Sterile air will be required in very large volumes in many aerobic fermentation processes. Although there are a number of ways of sterilizing air, only two have found permanent application. These are heat and filtration. Heat is generally too costly for full-scale operation (see also Chapter 5).
Historically, glass wool, glass fibre or mineral slag wool have been used as filter material, but currently most fermenters are fitted with cartridge-type filters as discussed in Chapter 5. However, before the filter may
be used it, too, must be sterilized in association with the fermenter. Two procedures are commonly followed depending on the construction of the filter unit.
Figure 7.18 shows the simple unit described by Richards (1968). During sterilization the main nonsterile air-inlet valve A is shut, and initially the sterile air valve B is closed.

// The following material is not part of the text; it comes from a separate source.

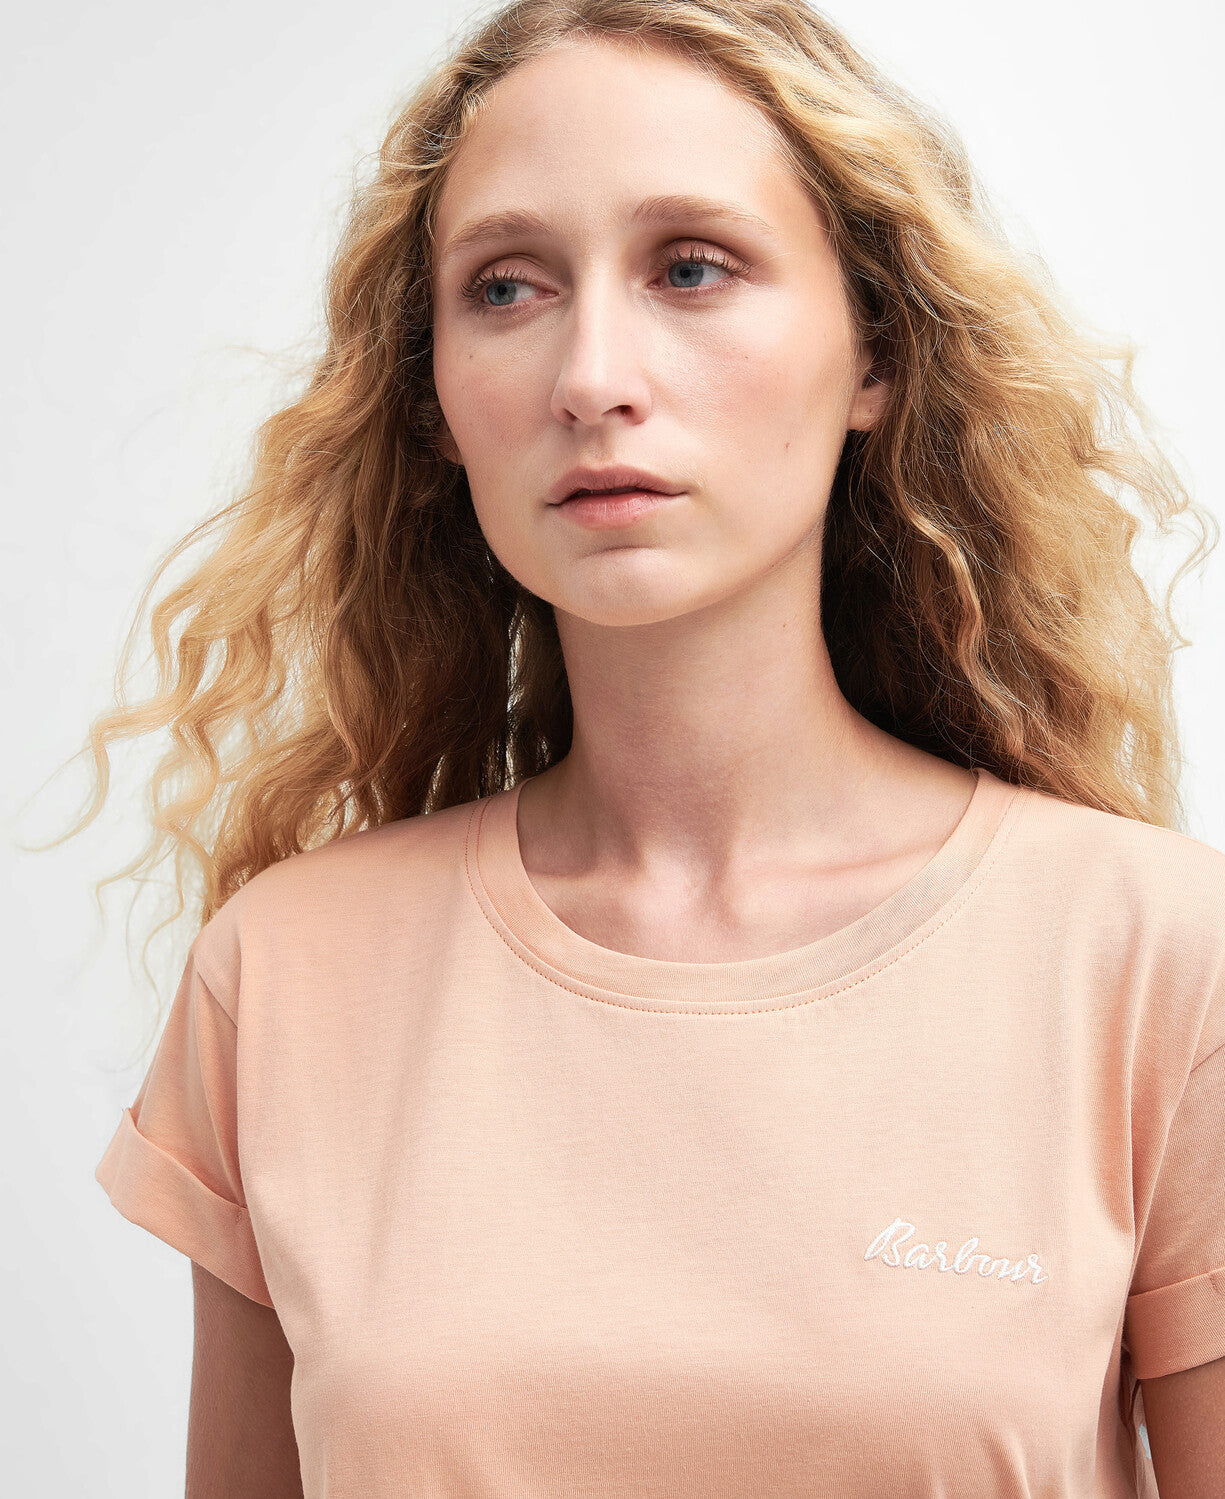 Barbour Kenmore T-Shirt - Soft Apricot

Steam is applied at valve C and air is purged downwards through the filter to a bleed valve at the base. When the steam is issuing freely through the bleed valve, the valve B is opened to allow steam to pass into the fermenter as well as the filter. It is essential to adjust the bleed valve to ensure that the correct sterilization pressure is maintained in the fermenter and filter for the remainder of the sterilization cycle.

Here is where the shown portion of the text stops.